Identificador: TDX:4222
Autors: Morales Sánchez, Damián
Resum:
This dissertation, framed in the computational sociolinguistics field, explores the use of sociolinguistic-derived features in Artificial Intelligence-based computational models for automatic gender detection on Spanish texts.
Our interest lays in designing computational models based on white-box machine learning algorithms and fuzzy logic with sociolinguistic-inspired features.
We elaborated a characterisation of gender based on linguistic levels from the publications framed in the language and gender field, the computer-mediated communication and gender research area, and computational sociolinguistics.
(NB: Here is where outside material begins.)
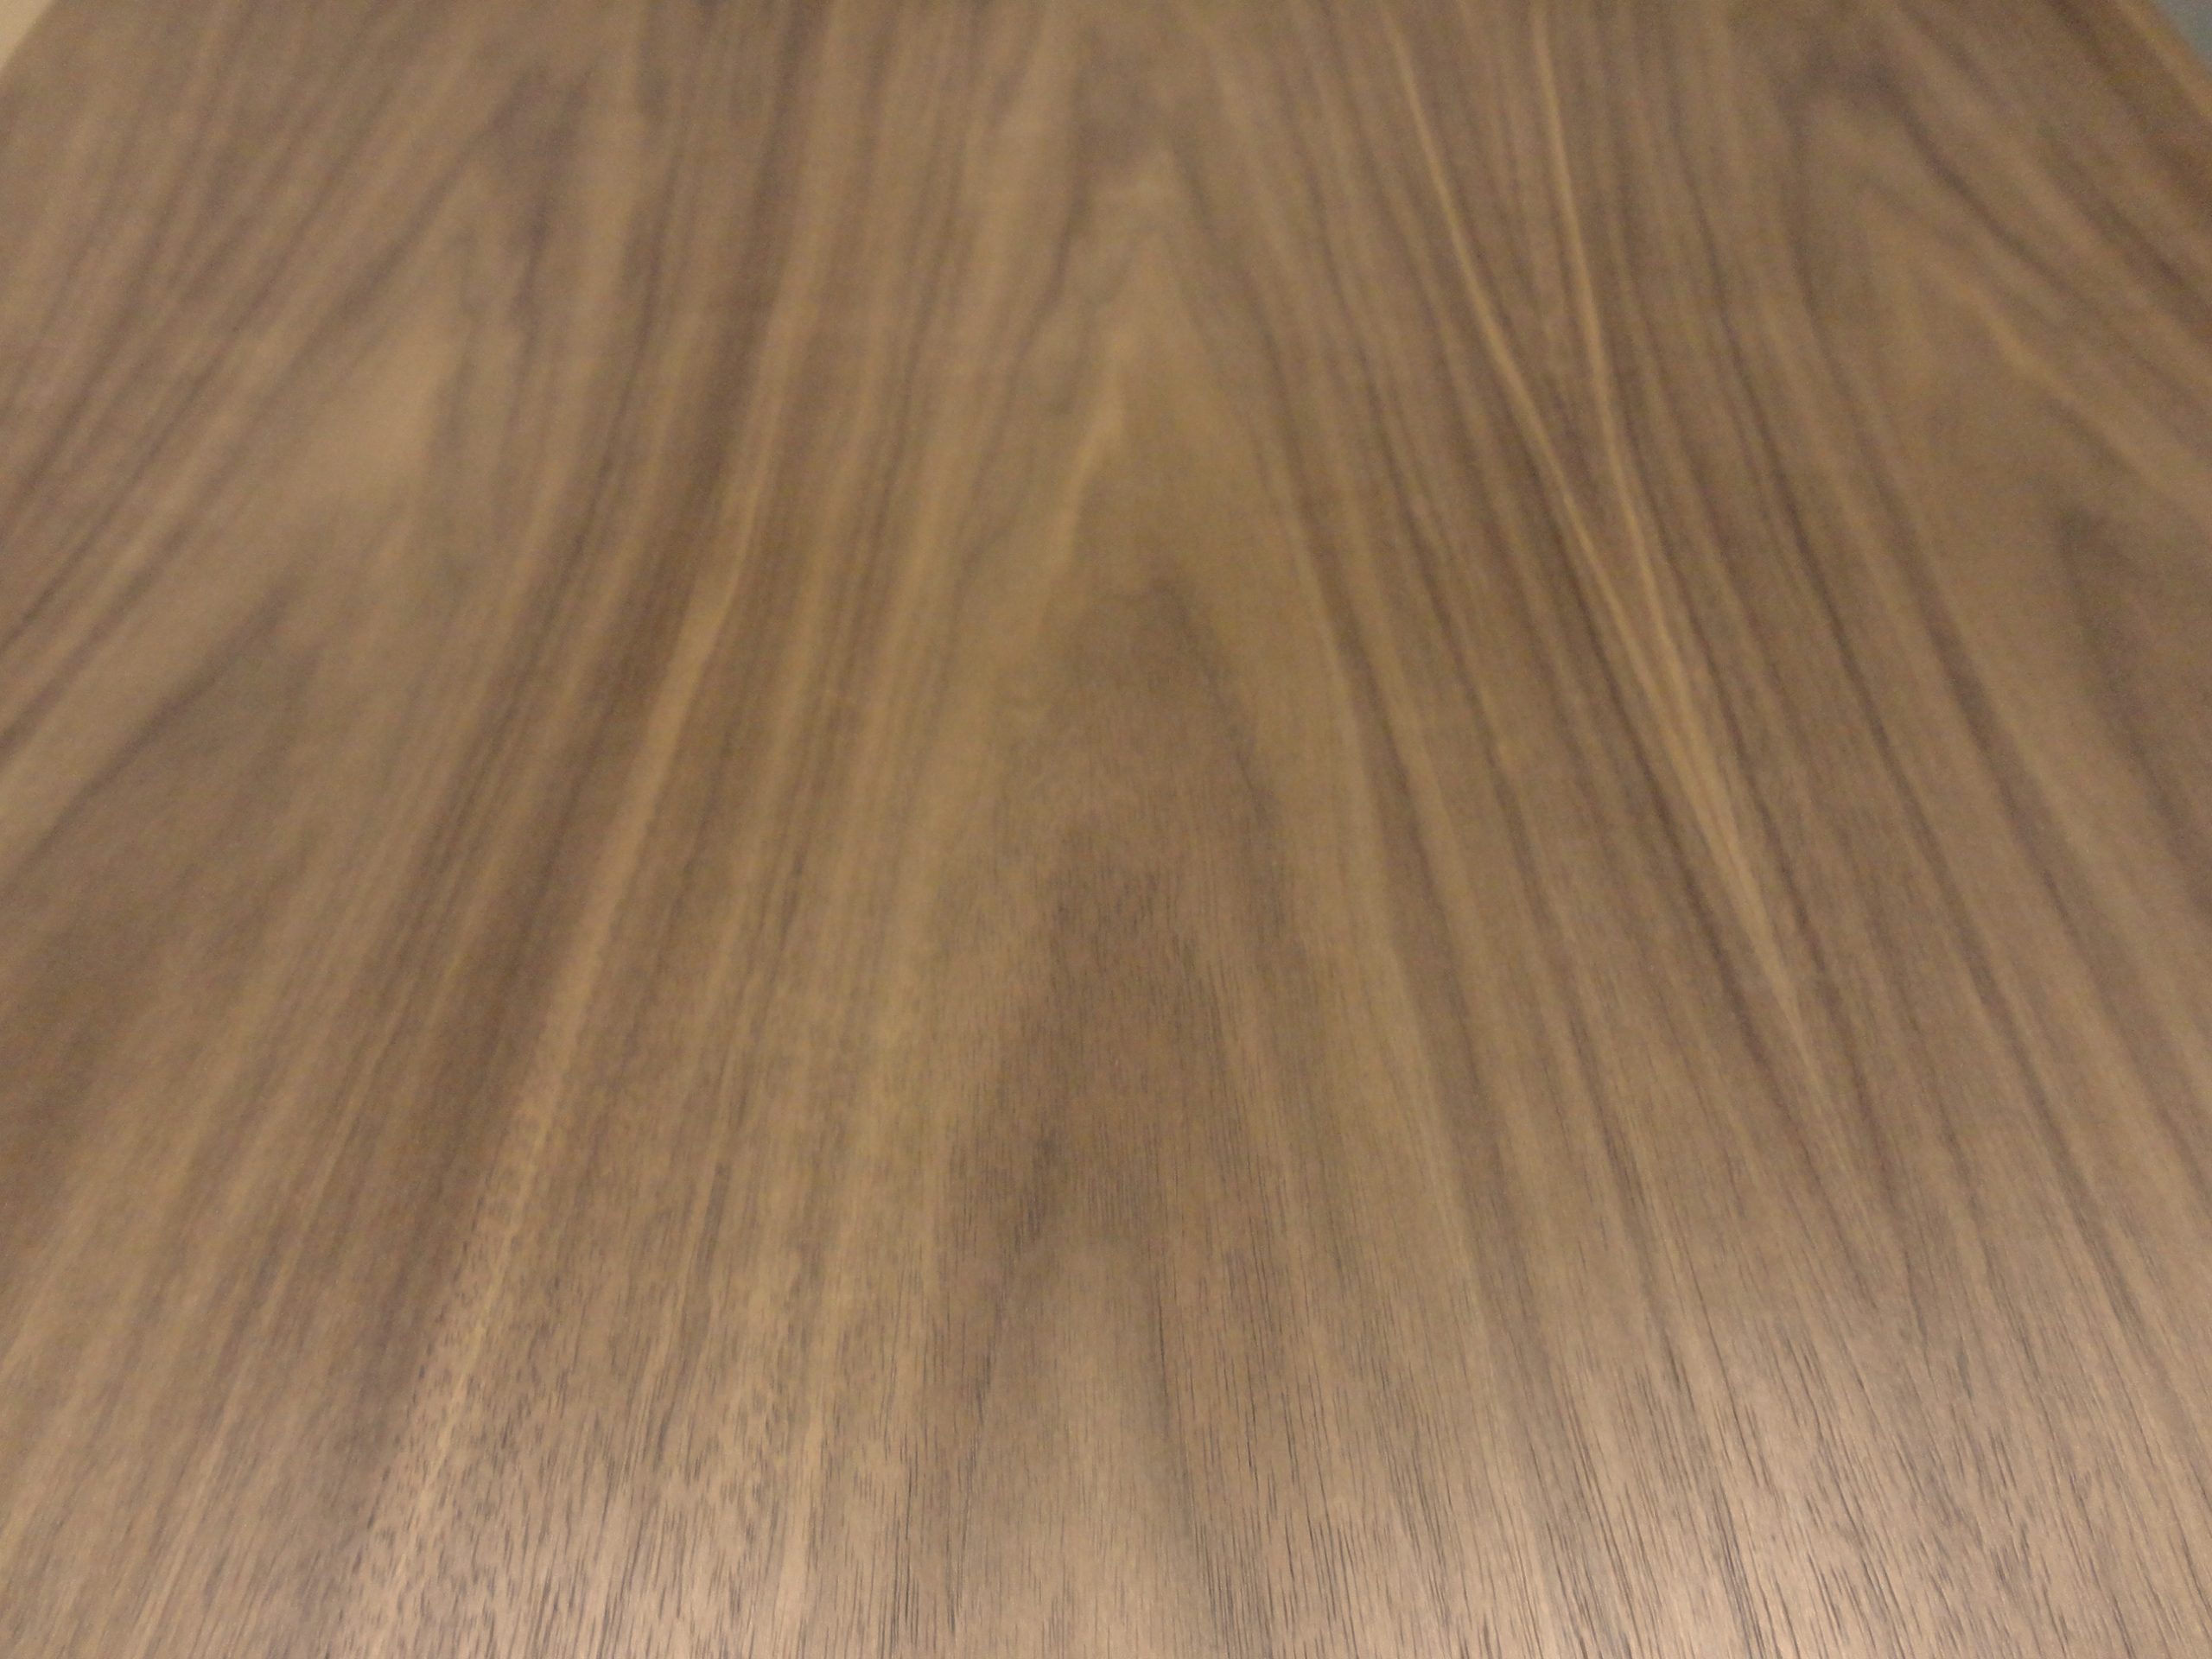 12 Square Feet, Walnut Veneer, 4.5 To 6.5 Wide X 48 Long, Sequence  Matched Sheets

This characterisation serves as the foundation of our experimental analysis.
In the experimental analysis, we implemented the Decision Tree algorithm with orthographic, morphological, lexical, syntactic, digital, and pragmatic-discursive features on the PAN-AP-13 dataset in order to identify gender sociolinguistic patterns. From this first computational experiment, we extended our analysis to other datasets and algorithms; specifically, we explored, besides the PAN-AP-13 and the Decision Tree algorithm, the PAN-AP-15, PAN-AP-17, PAN-AP-18, and PAN-AP-19 datasets, and the Random Forest and XGBoost algorithms. We designed 63 models from the combinations of the feature sets. The classification accuracy of the resulting models, which did not exceed 160 linguistic features, was around 70%.
We culminated the experimental analysis with a sociolinguistic characterisation of gender based on 39 patterns organised according to their robustnesss.
Our theoretical proposal presents 64 fuzzy models, of which 57 are ensemble fuzzy models whose final output was calculated using the majority vote scheme. According to the results, the Orthographic, Lexical, Syntactic, Digital, and Pragmatic-Discursive (OLSDP) ensemble model produced the best results.
White-box machine learning algorithms and fuzzy logic, along with sociolinguistic-inspired features, must be incorporated into automatic gender identification in order to elucidate the complex relationship between language and gender.